■ **Work item**
Only the pictures are to be omitted; everything else in the listing must be reproduced exactly.

---------- Information provided ----------

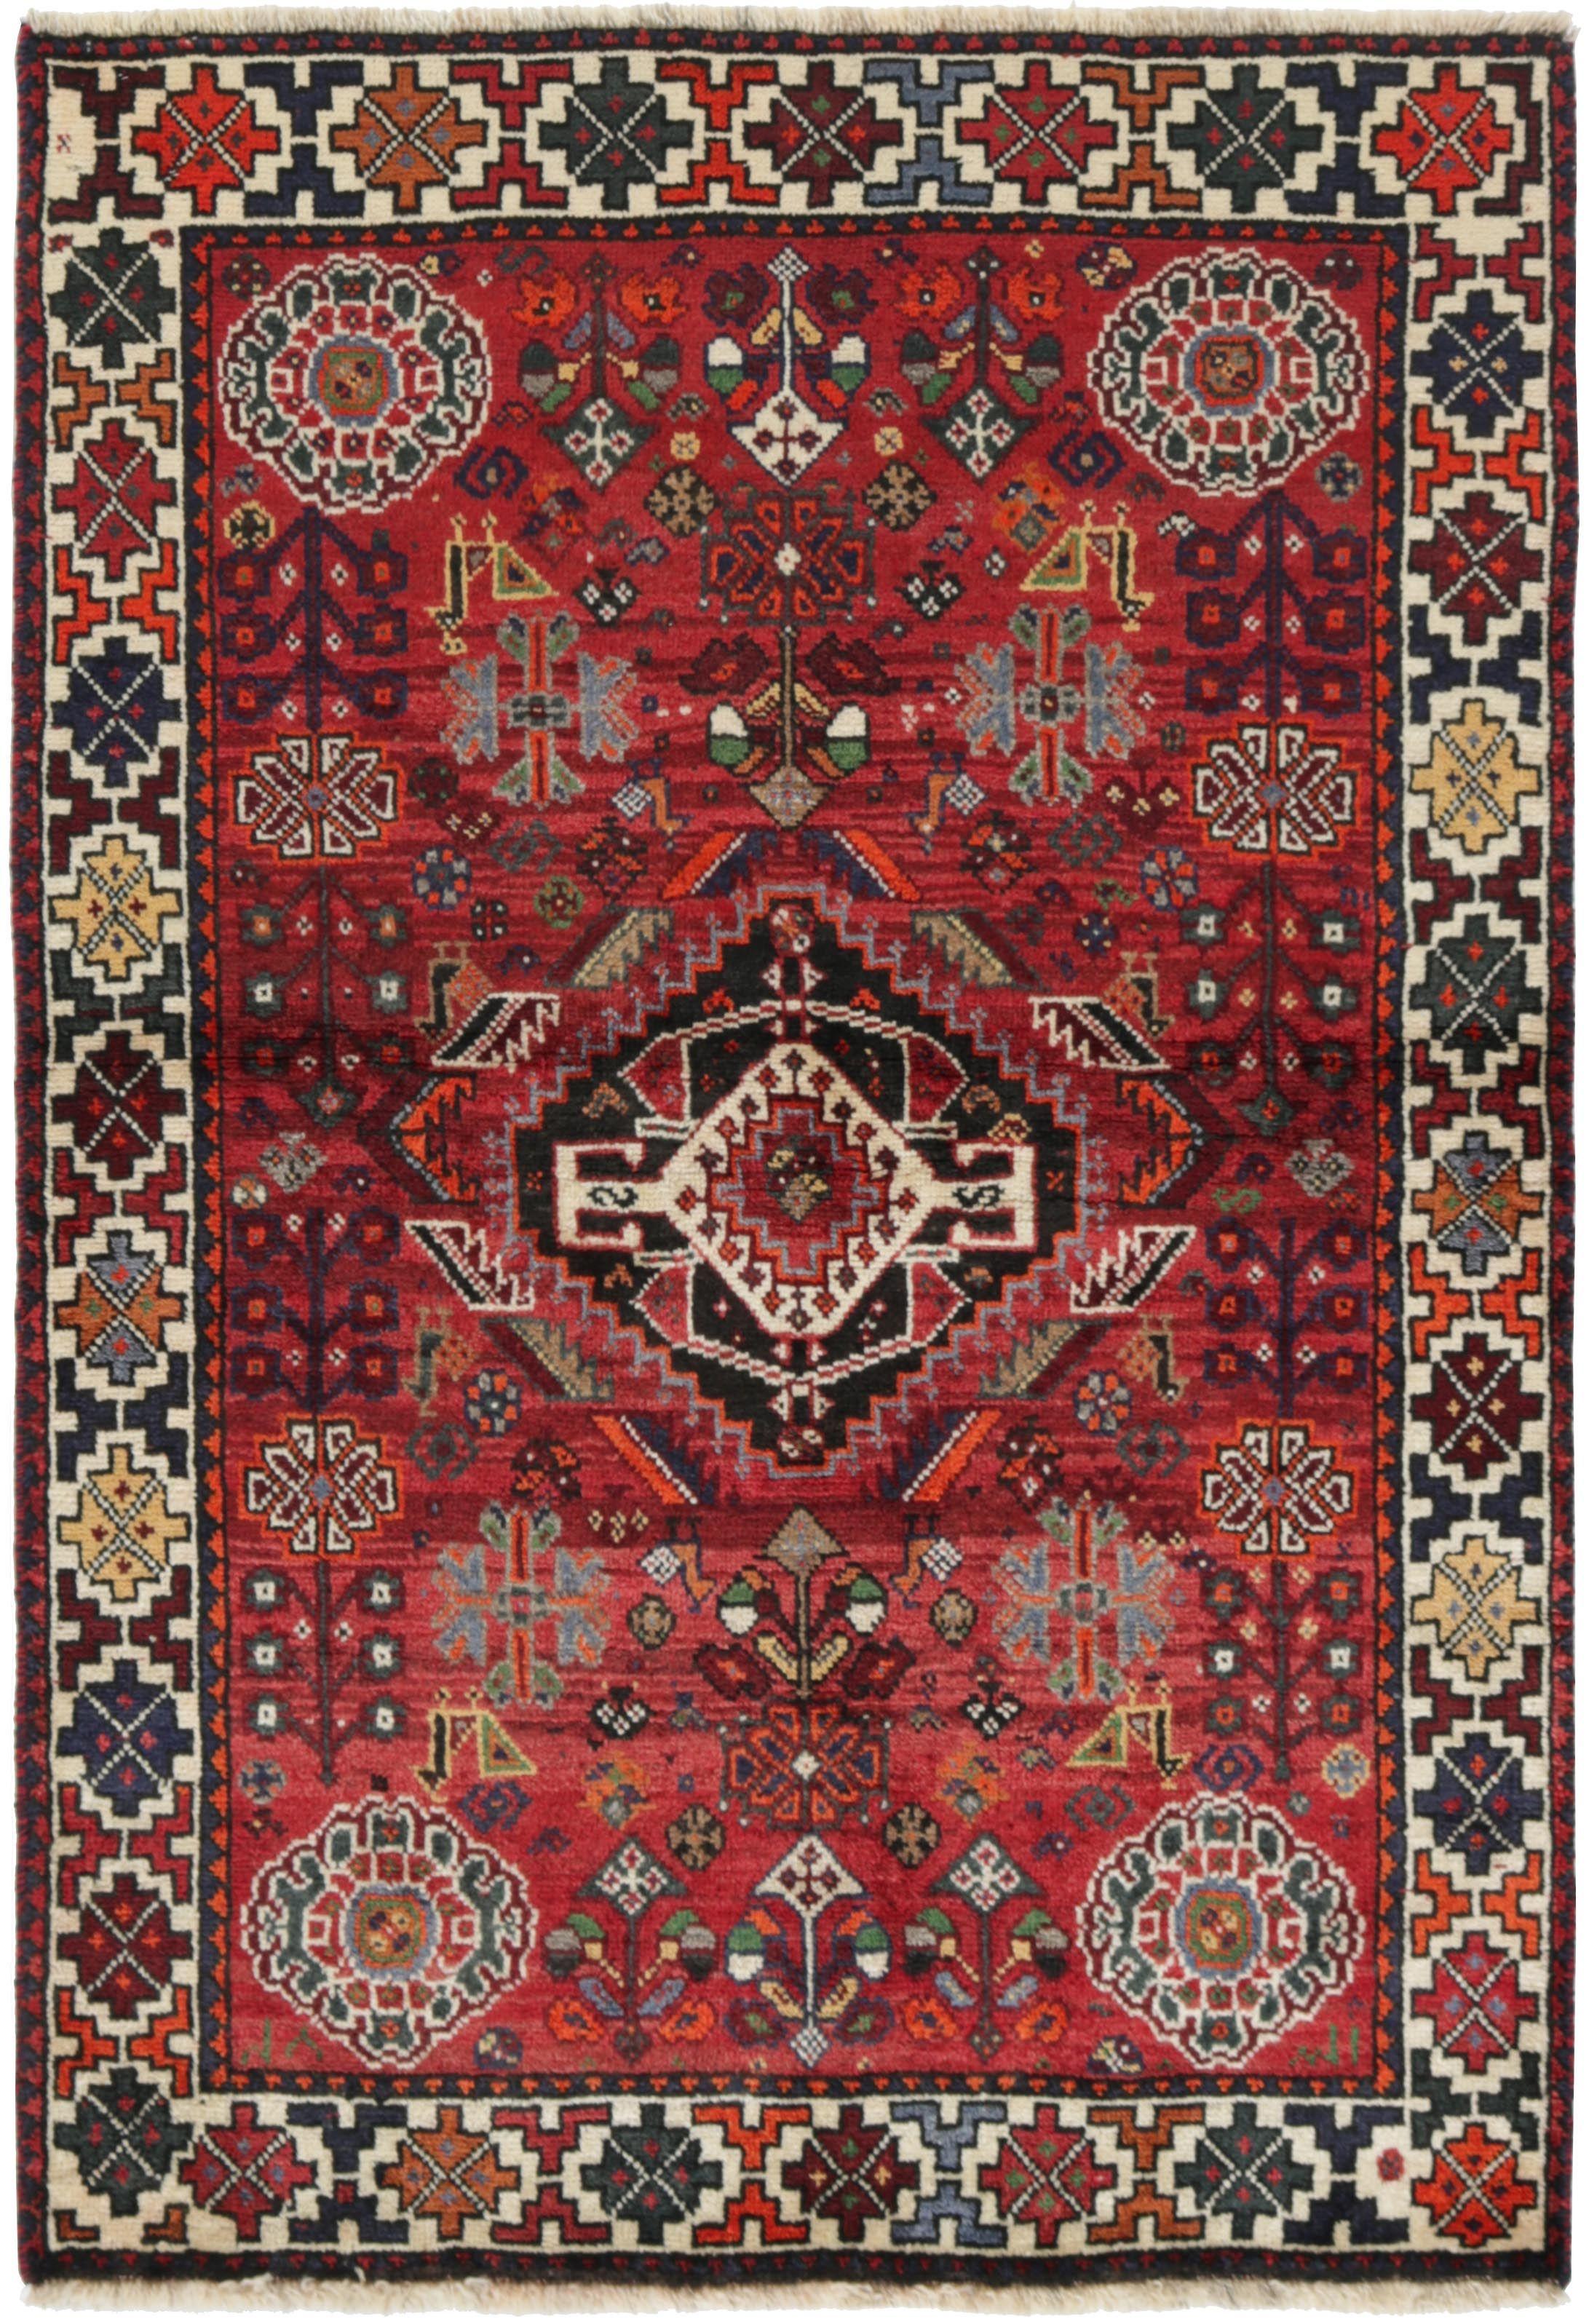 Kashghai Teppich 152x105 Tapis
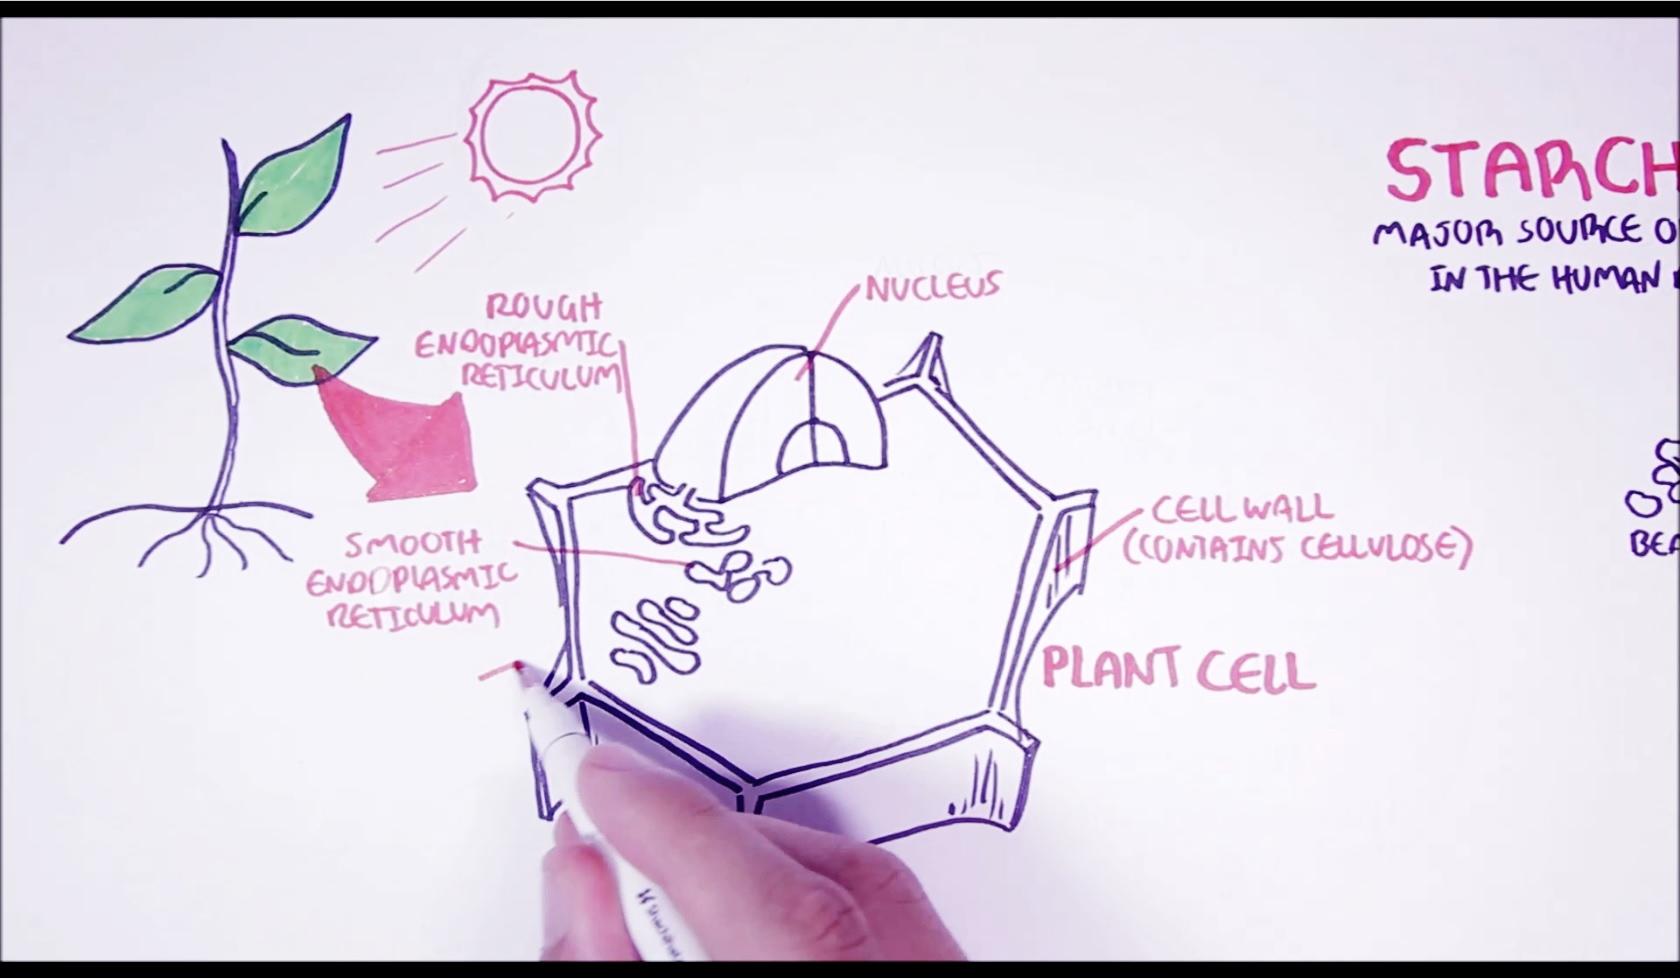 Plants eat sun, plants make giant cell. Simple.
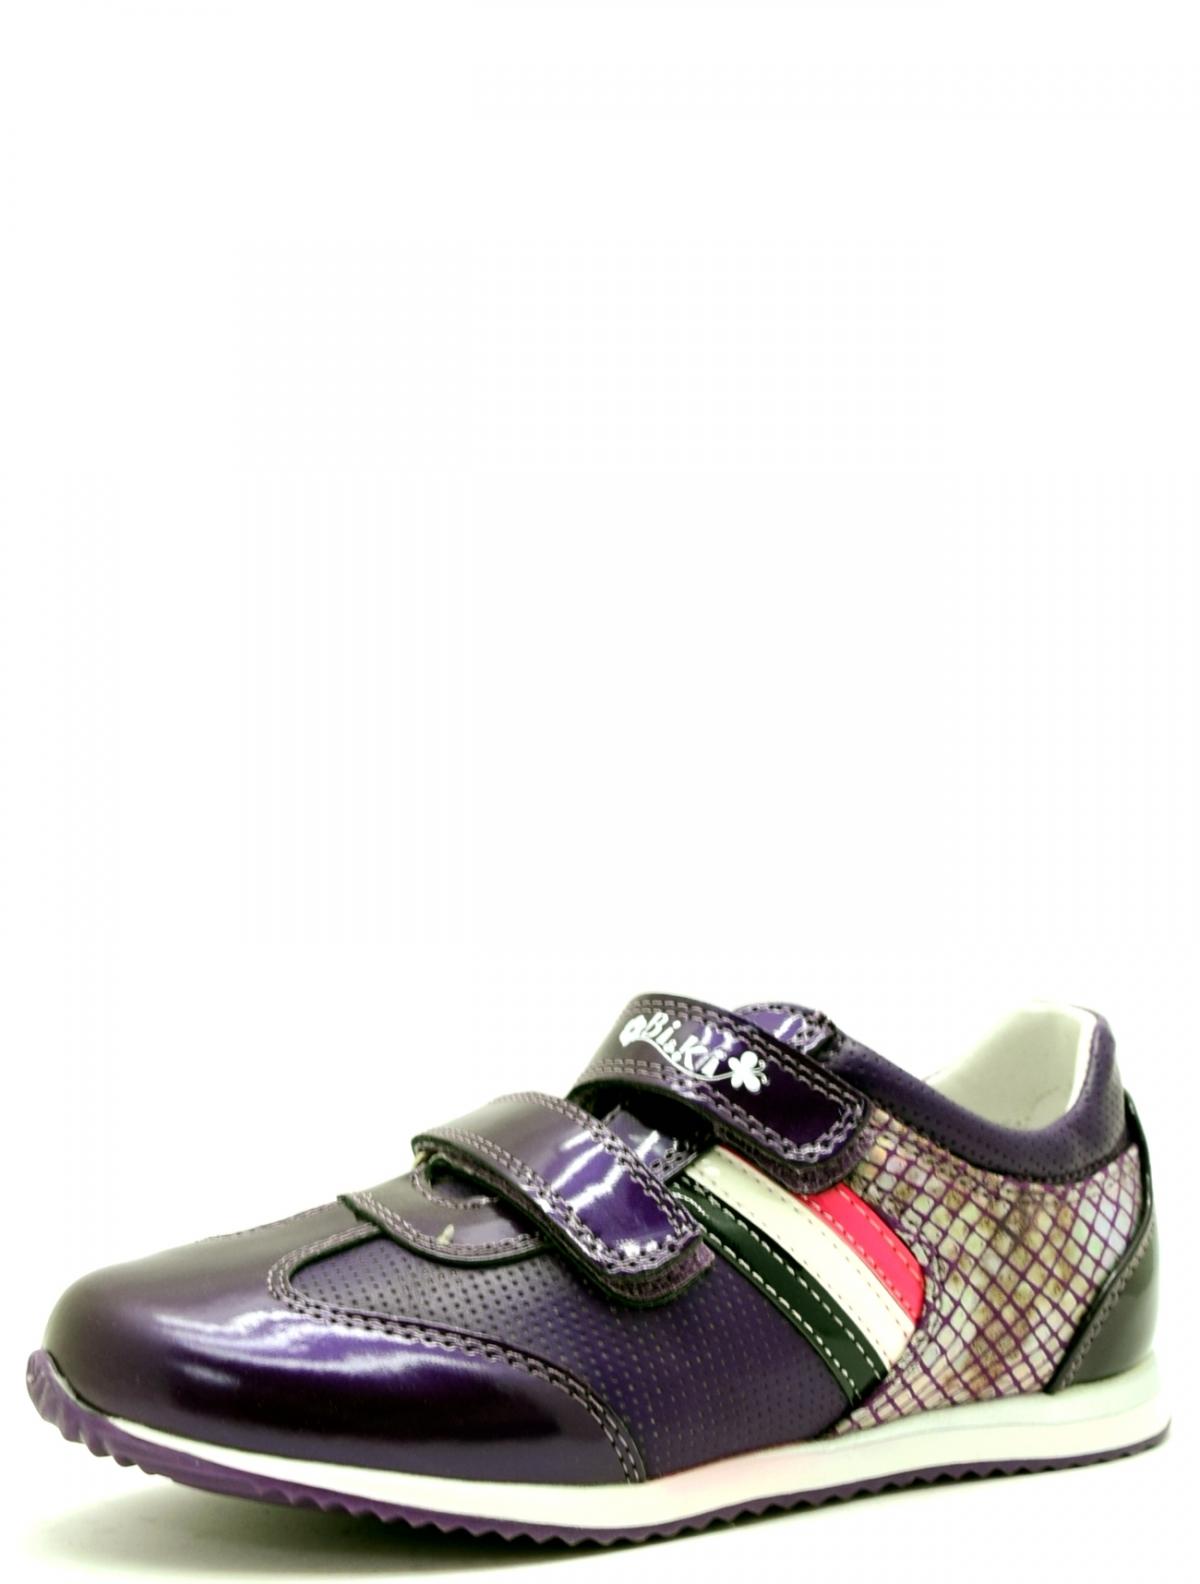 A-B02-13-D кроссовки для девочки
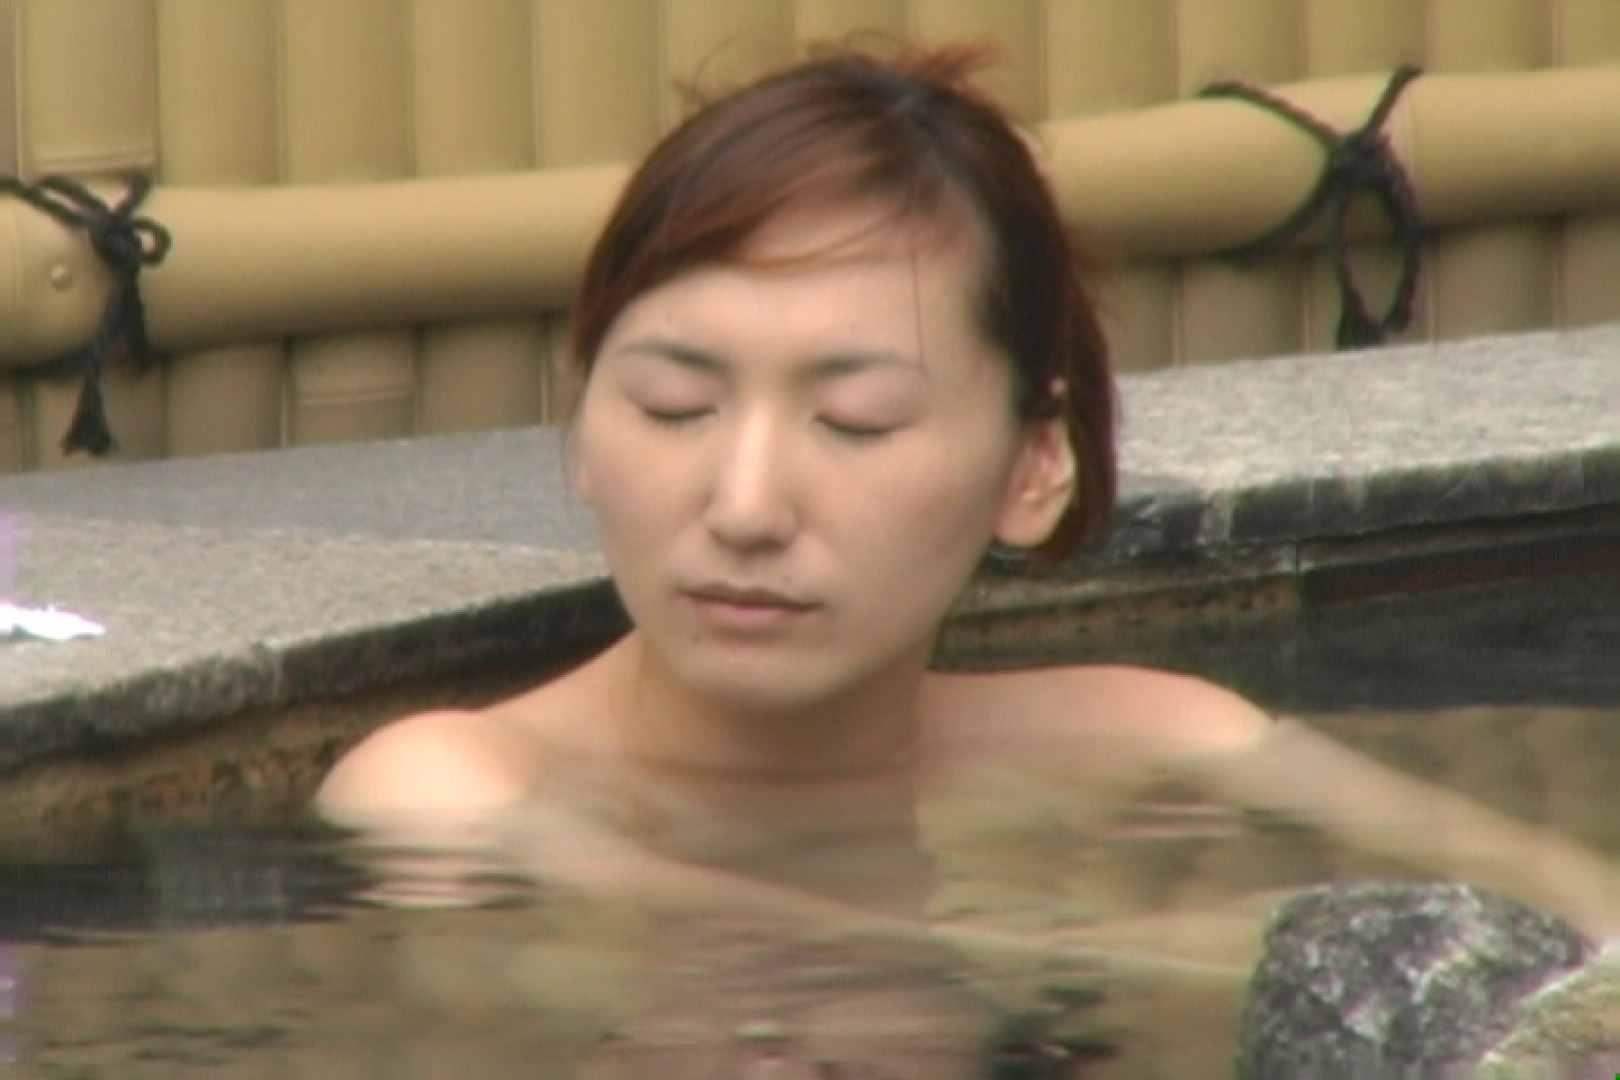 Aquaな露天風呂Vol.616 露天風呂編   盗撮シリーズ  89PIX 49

----------

■ **Completed exercise**
 Kashghai Teppich 152x105 Tapis
 Plants eat sun, plants make giant cell. Simple.
 A-B02-13-D кроссовки для девочки
 Aquaな露天風呂Vol.616 露天風呂編   盗撮シリーズ  89PIX 49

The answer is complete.